No momento em que as empresas foram forçadas a mudar em tempo
recorde seu modo de operação, com a grande maioria dos colaboradores
trabalhando remotamente, os fatores de risco mudaram completamente. E a partir
das brechas nas arquiteturas de rede, os criminosos também mudaram, do ano
passado para cá, seu modo de operação.

Como funciona?

O que existe em comum entre os ataques de ransomware? Todos eles operam utilizando vulnerabilidades de dia
zero para se mover lateralmente entre computadores na rede, infectando as
máquinas que encontram – a partir
daí acessando e criptografando dados.

Já foram assim, por exemplo, em 2017, os ataques de ransomware WannaCry e o NotPetya, que causaram sérios
estragos a grandes corporações e entidades governamentais – os mais graves
sendo o NHS (National Health System)
britânico e o conglomerado marítimo MAERSK, totalmente desativados por WannaCry
e NotPetya, respectivamente.

Hoje os atacantes contam com métodos
mais sofisticados de invasão. Visando grandes
empresas. Os invasores não só violam o sistema, criptografam os arquivos e
mantêm usuários como reféns, como ameaçam tornar as informações públicas se o
resgate não for pago – uma novidade que, como é público, tem levado grandes
empresas, como a norte-americana Colonial Pipeline e a JBS, a cederem aos criminosos, pagando o exigido
para não comprometer clientes.

Como combater?

Essa nova era de ataques de ransomware deixa claro o problema
central, que é a movimentação do invasor dentro da rede.

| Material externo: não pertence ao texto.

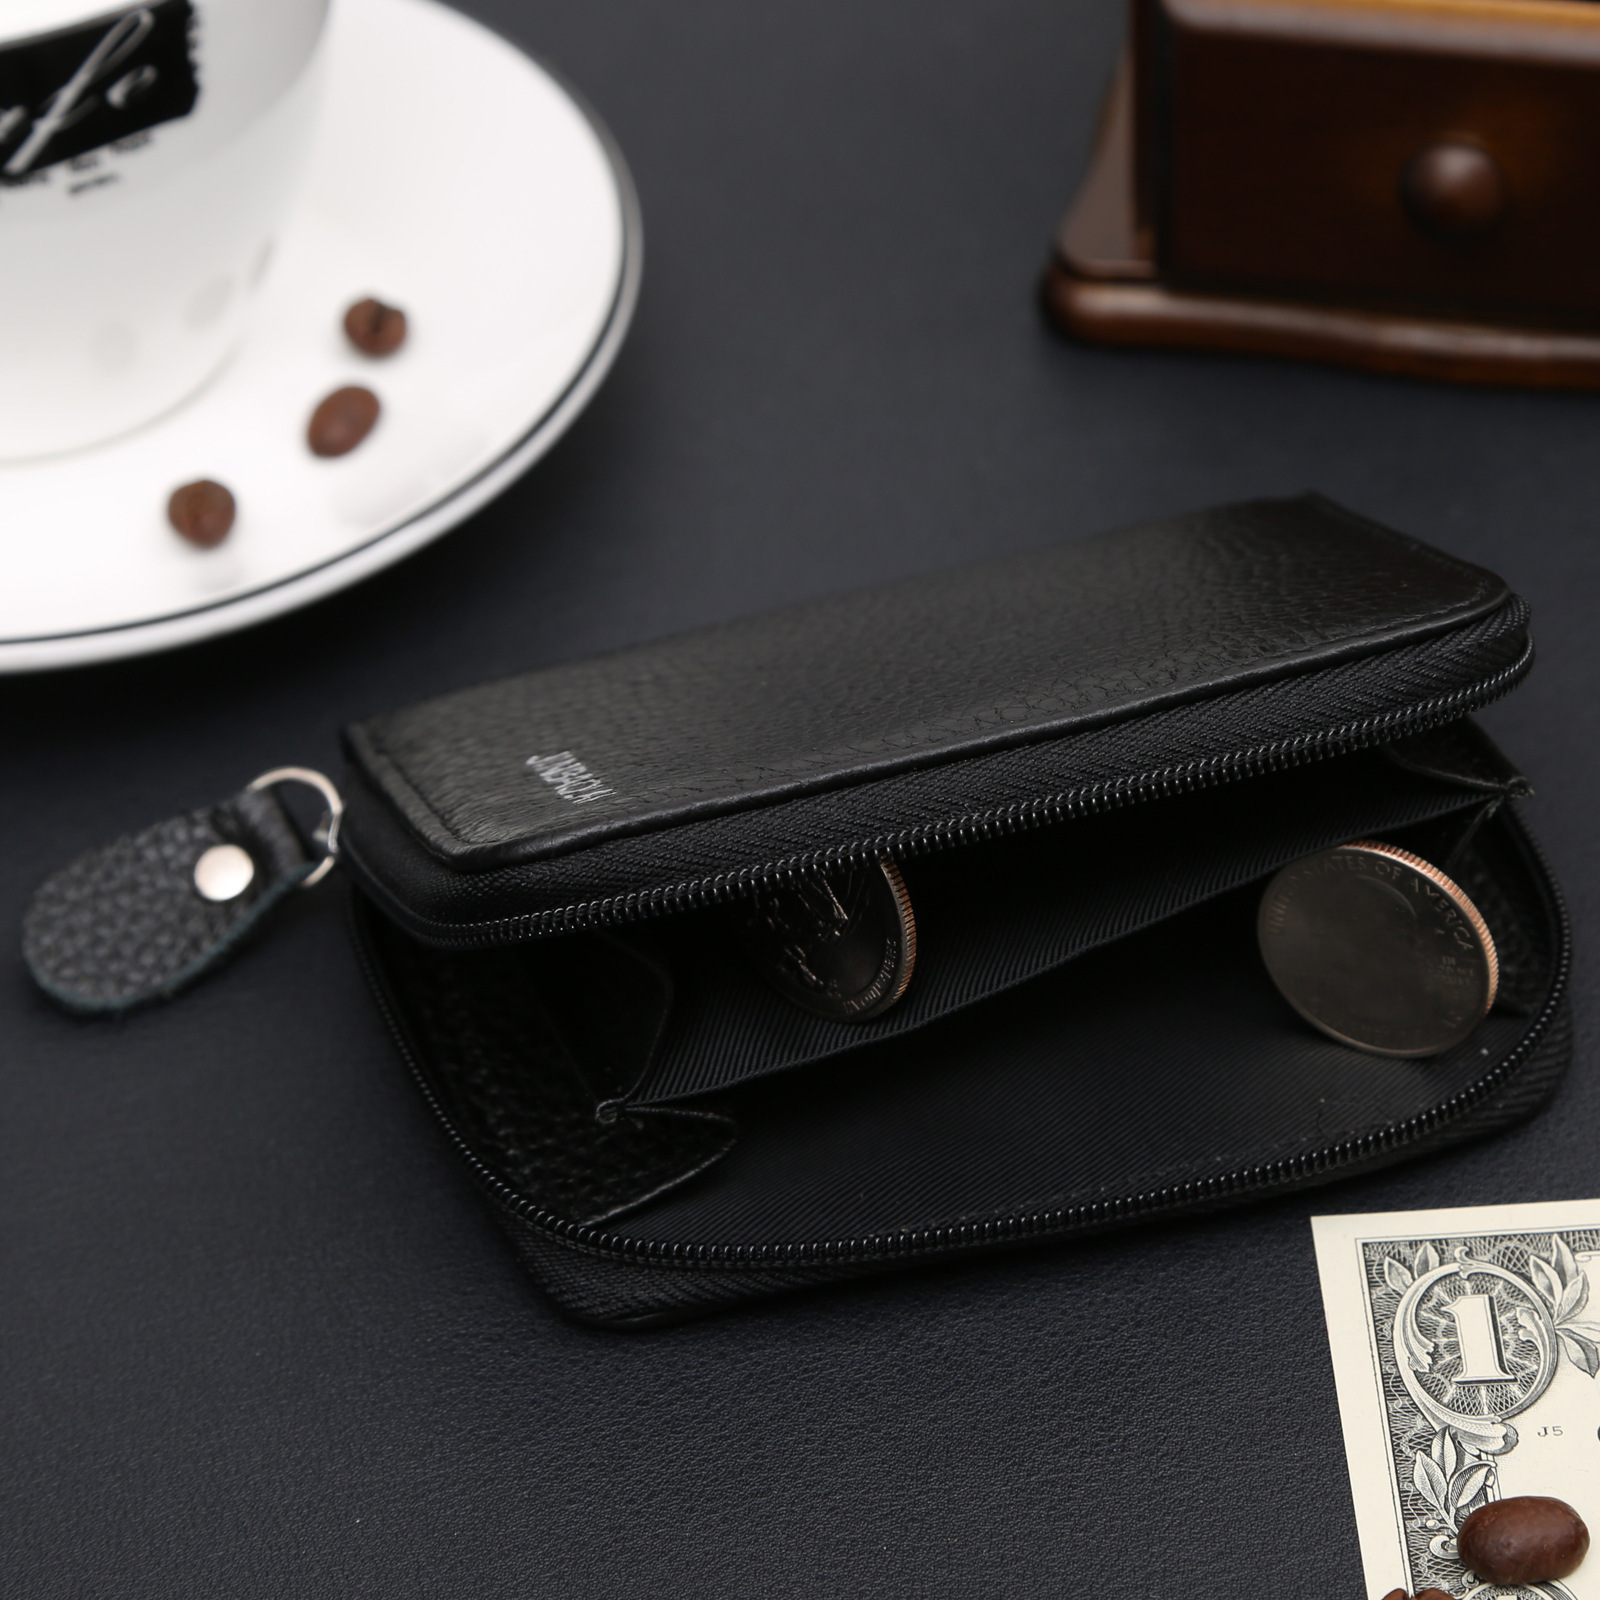 With Coin Bag Zipper Mini Wallets 2018 New Famous Brand Men Women Purse Thin Wallet Coin Purses Wallet carteira feminina 1

Para que os invasores consigam copiar os dados, precisam saber
onde eles estão em sua rede – e para isso é necessário mapear todo o ambiente e
conhecê-lo tão bem, ou até melhor, do que as pessoas que o construíram
originalmente. Isso exige que se “movam lateralmente” de uma máquina ou
servidor para outro, geralmente usando credenciais diferentes, roubadas de
vários equipamentos da rede.

As dificuldades nesse caso se dão pelos seguintes fatores:

  • Os invasores se valem dos recursos da rede contra ela mesma, roubando credenciais do administrador e utilizando ferramentas legítimas como o Psexec, Remote Desktop da Microsoft, ou mesmo o WMI. É desse modo que se movimentam entre as máquinas para executar comandos maliciosos, apoderando-se dos dados para posteriormente criptografá-los;
  • Adoção, pelas empresas, de soluções adaptadas, que não foram desenvolvidas para a finalidade de conter a movimentação lateral;
  • Muitas vezes é afastada como de difícil implementação a solução mais moderna e adequada: a microssegmentação, recomendada pela própria Casa Branca em comunicado às empresas norte-americanas sobre a necessidade de evitar o ransomware e as medidas a serem tomadas.

Sucesso real

Os casos de sucesso com o emprego desse método mostram que a
microssegmentação de rede é facilitada por planejamento que se baseie em políticas
claras de segurança – estabelecendo, em uma rede, quem “fala com quem” e em
quais circunstâncias. Sem isso, todos os terminais e servidores se comunicam
entre si sem nenhuma restrição.

São muitos os casos de sucesso dessa tecnologia, inclusive no
Brasil. E o sucesso é consequência exatamente da simplicidade proporcionada por
uma segmentação granular, que permite à equipe de segurança enxergar tudo o que
trafega em sua rede – e a partir daí
proteger tudo o que tem que ser protegido.

* Fernando Ceolin é diretor-regional da Guardicore para o Brasil e região Sul da América Latina.